[Action item] What is needed is an exact reproduction of the listing, without its pictures.

[Information shown]
• • • • •

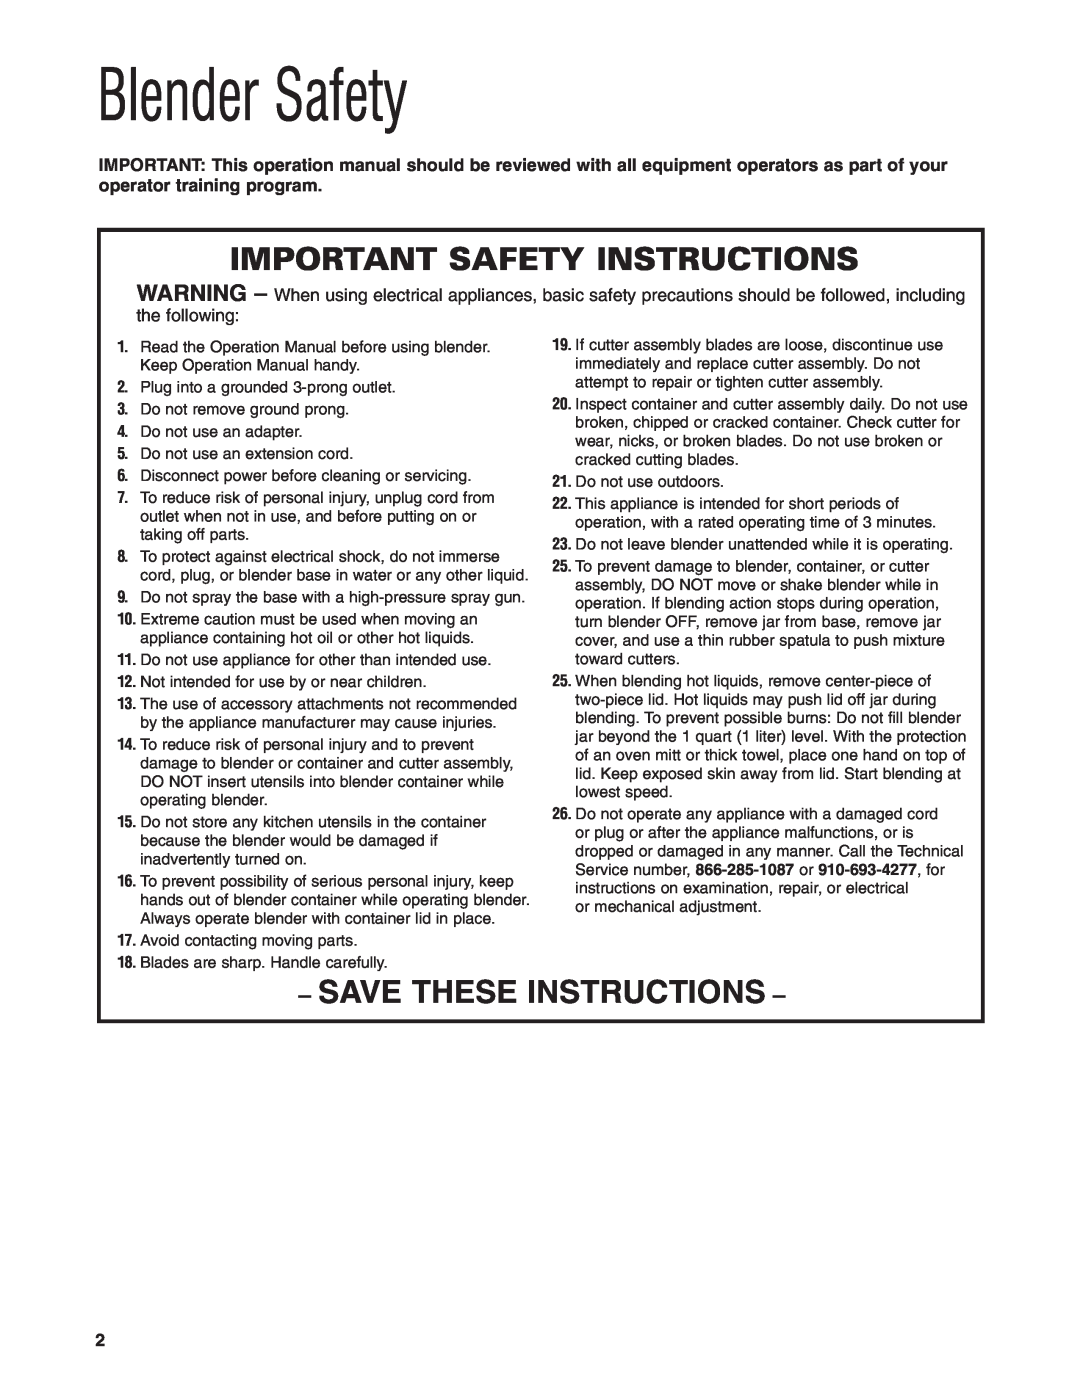 Hamilton Beach HBB250S manuel dutilisation Blender Safety, Important Safety Instructions, Save These Instructions 
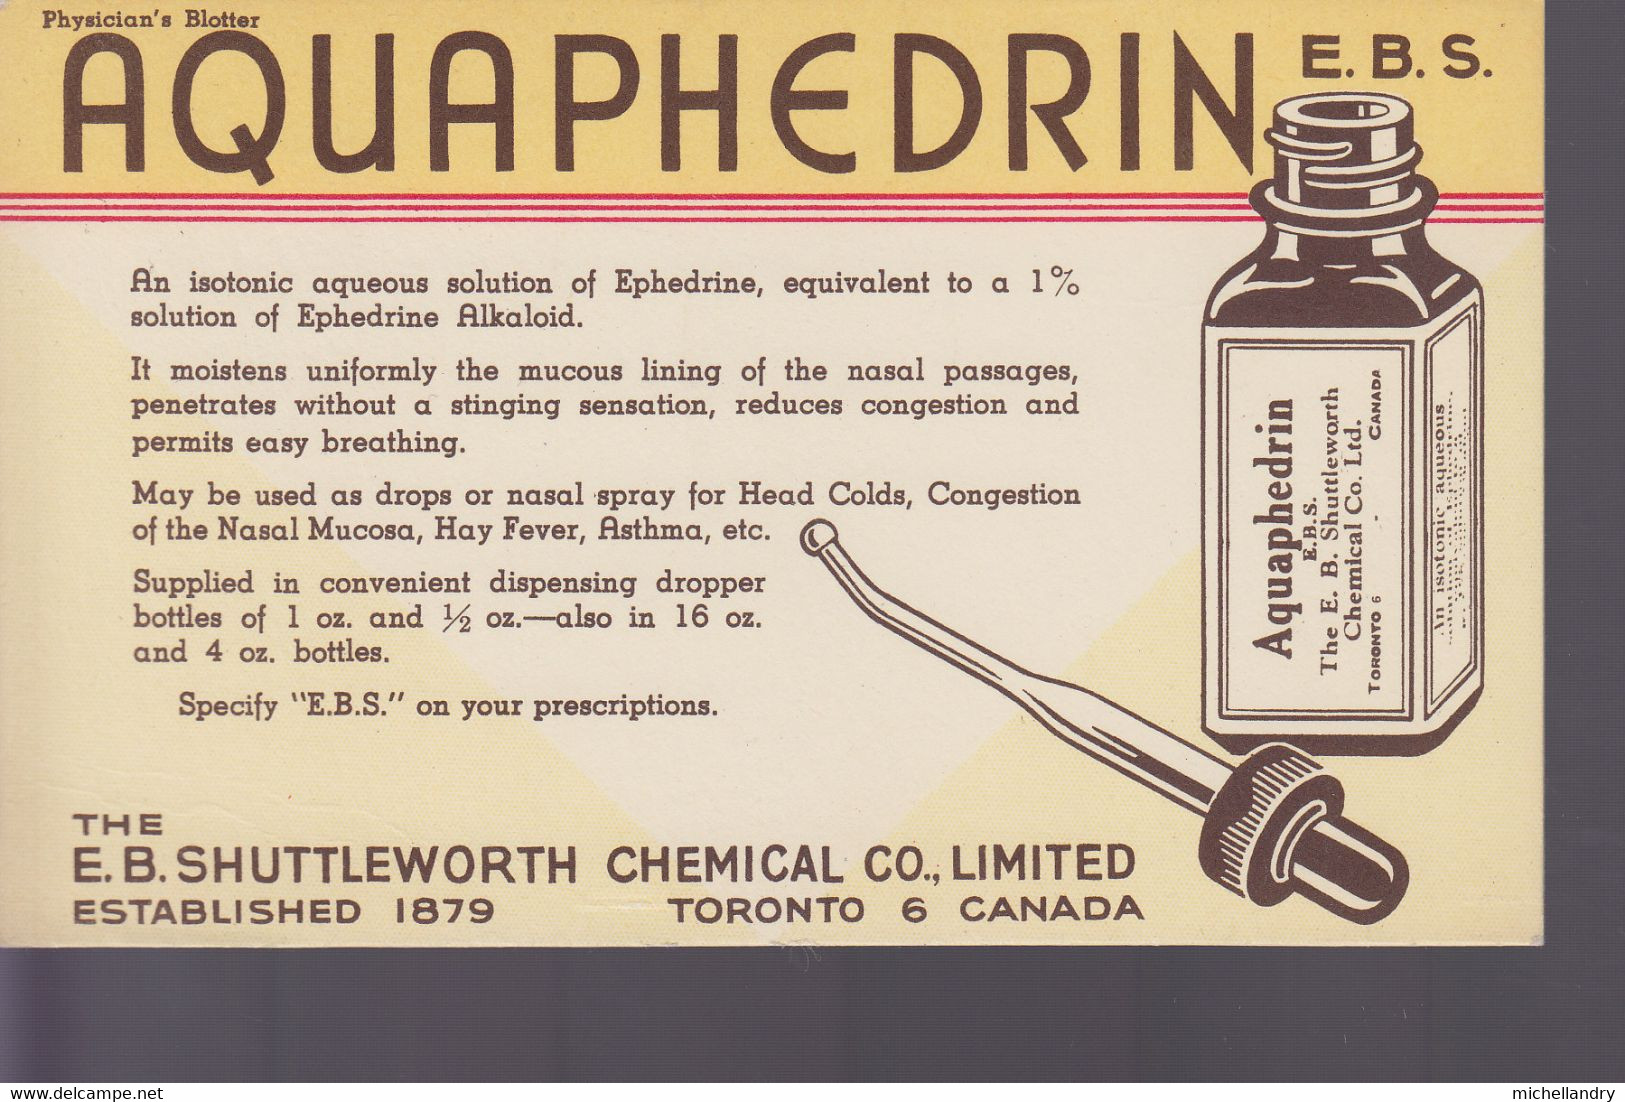 Pub (115915) Aquaphedrin E.B.S. The E.B.Shuttleworth Chemical Co Limited, Established 1879 Toronto 6 Canada - Placas De Cartón
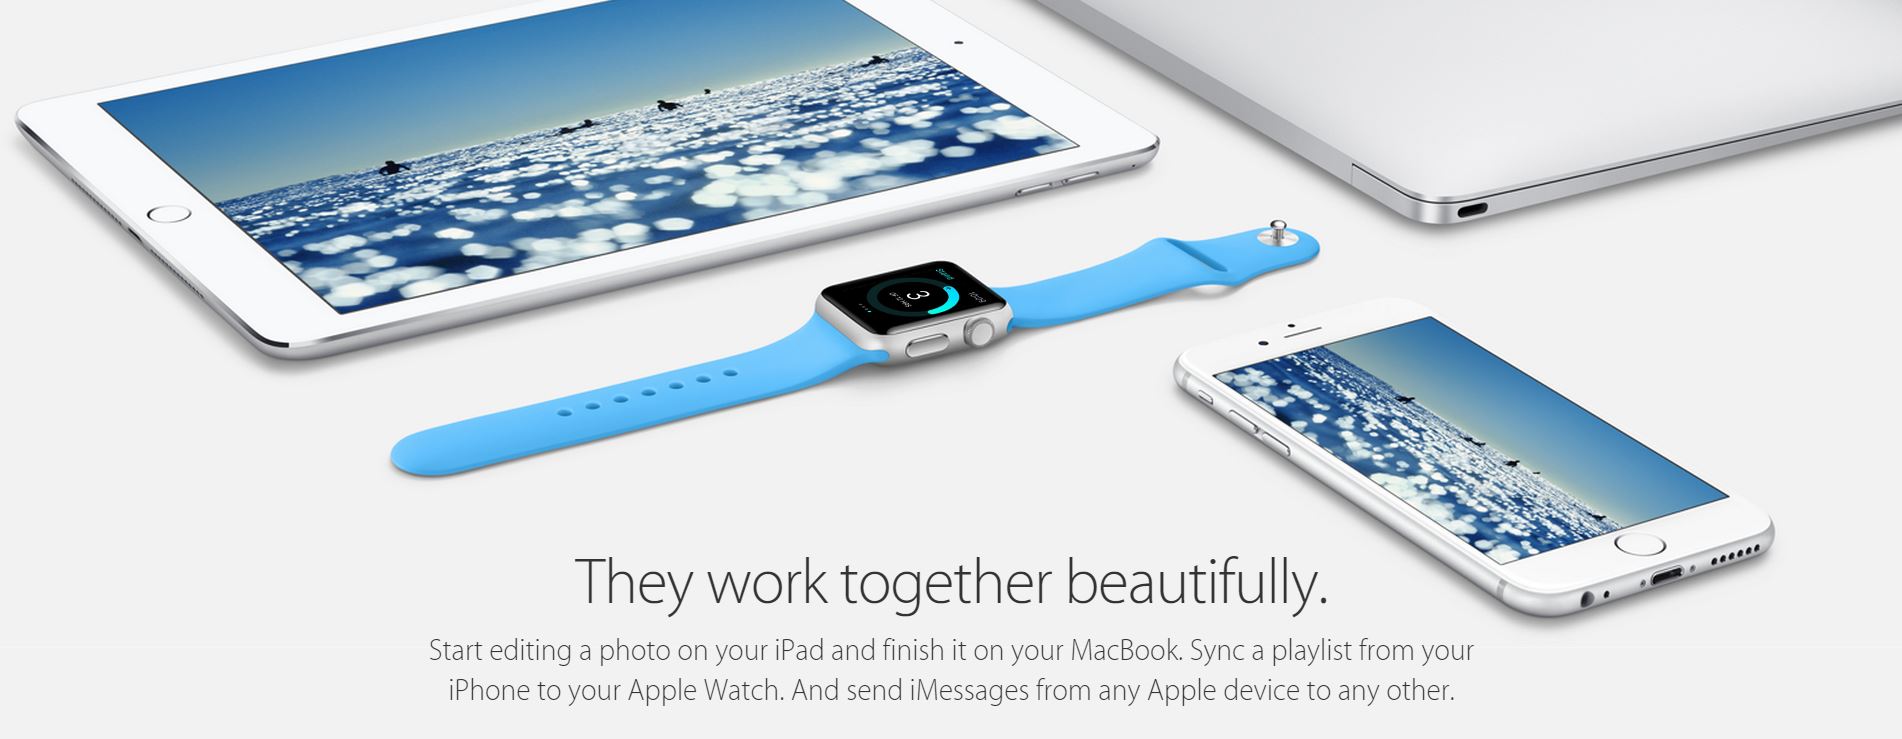 Apple Watch connectée iPhone Mac

• • • • •

[Exercise result]
 Hamilton Beach HBB250S manuel dutilisation Blender Safety, Important Safety Instructions, Save These Instructions 
 Pub (115915) Aquaphedrin E.B.S. The E.B.Shuttleworth Chemical Co Limited, Established 1879 Toronto 6 Canada - Placas De Cartón
 Apple Watch connectée iPhone Mac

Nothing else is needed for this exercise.